Time spent in Object.<init> is likely due to CPU profile being generated along with heap profile; the latter instruments all memory allocations, making allocations slow and causing them to surface to the top of the CPU profile.

Long answer:

I suspect the profile shown in the question was generated by asking for both CPU profile AND heap profile at the same time. In other words, it was generated by doing something like:

java -agentlib:hprof=heap=sites,cpu=samples,depth=20 MyProg

Unfortunately, at least when it comes to JVM's built-in hprof profiler, CPU sampling is useless in presence of heap profiling. Heap profiling instruments all memory allocations, making the program run order(s) of magnitude slower. In program instrumented to track memory allocations, the allocations are indeed the bottleneck, and that's why Object.<init> is surfacing to the top of the CPU profile.
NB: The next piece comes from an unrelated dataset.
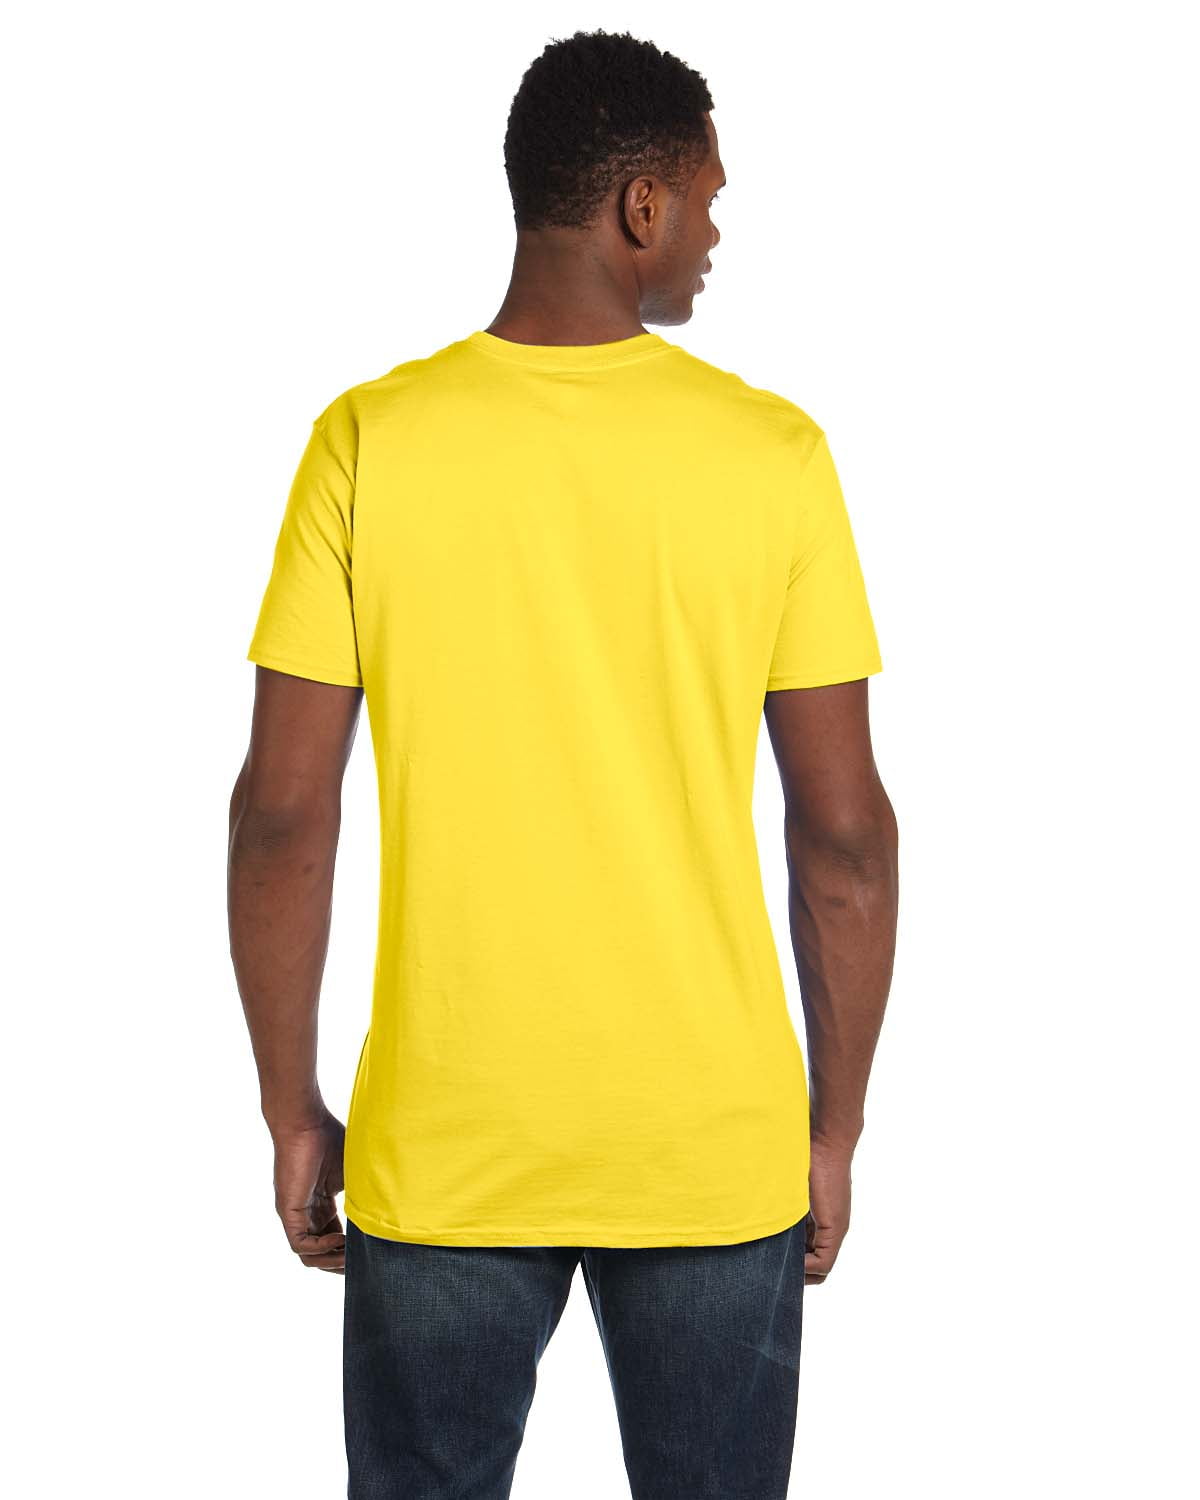 Mens 100% Ringspun Cotton nano-T T-Shirt 4980 (5 PACK) - Walmart.com
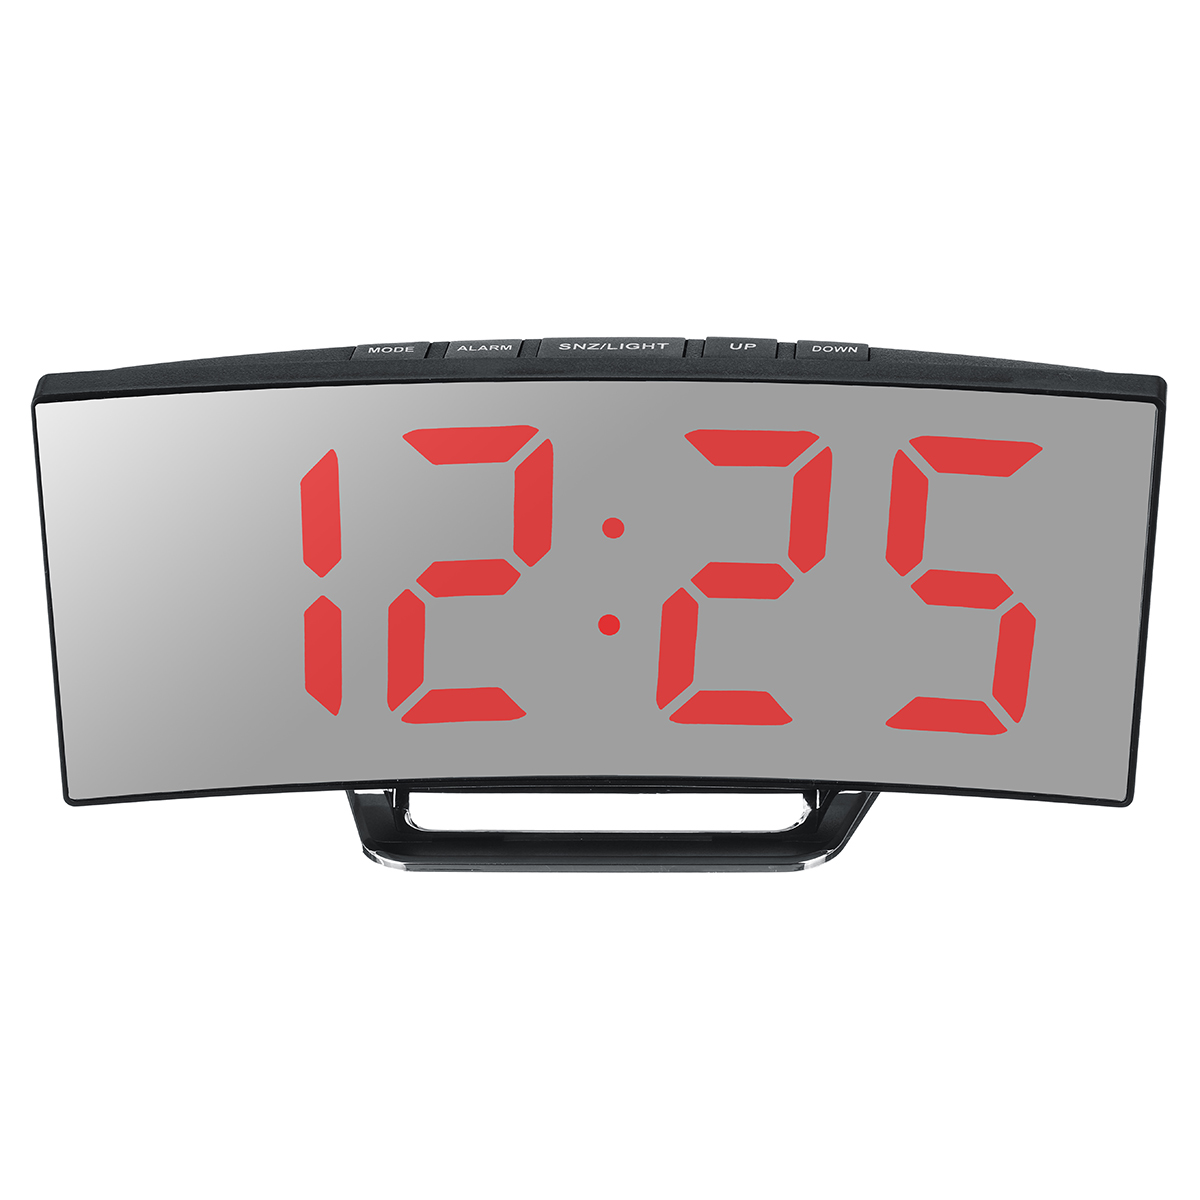 Curved-LED-Digital-Alarm-Clock-Mirror-Table-Display-Temperature-Snooze-USB-Room-1639017-7

In real program though, the allocations/garbage collection may, or may not be the bottleneck.

You typically want to generate just one profile at a time. First generate CPU profile by running something like java -agentlib:hprof=cpu=samples,depth=20, and analyze results of that. If CPU profile points to memory allocations/garbage collection as bottleneck, then, and only then, generate and analyze heap profile to see where majority of your allocations are coming from.

The other answer makes lot of salient points about analyzing CPU profile. In particular, it is lot easier to see what's going on using JPerfAnal, than by looking at the raw hperf CPU profile. Also, for inclusive percentages to be reasonably accurate, you may need to increase the stack sampling depth to match your application.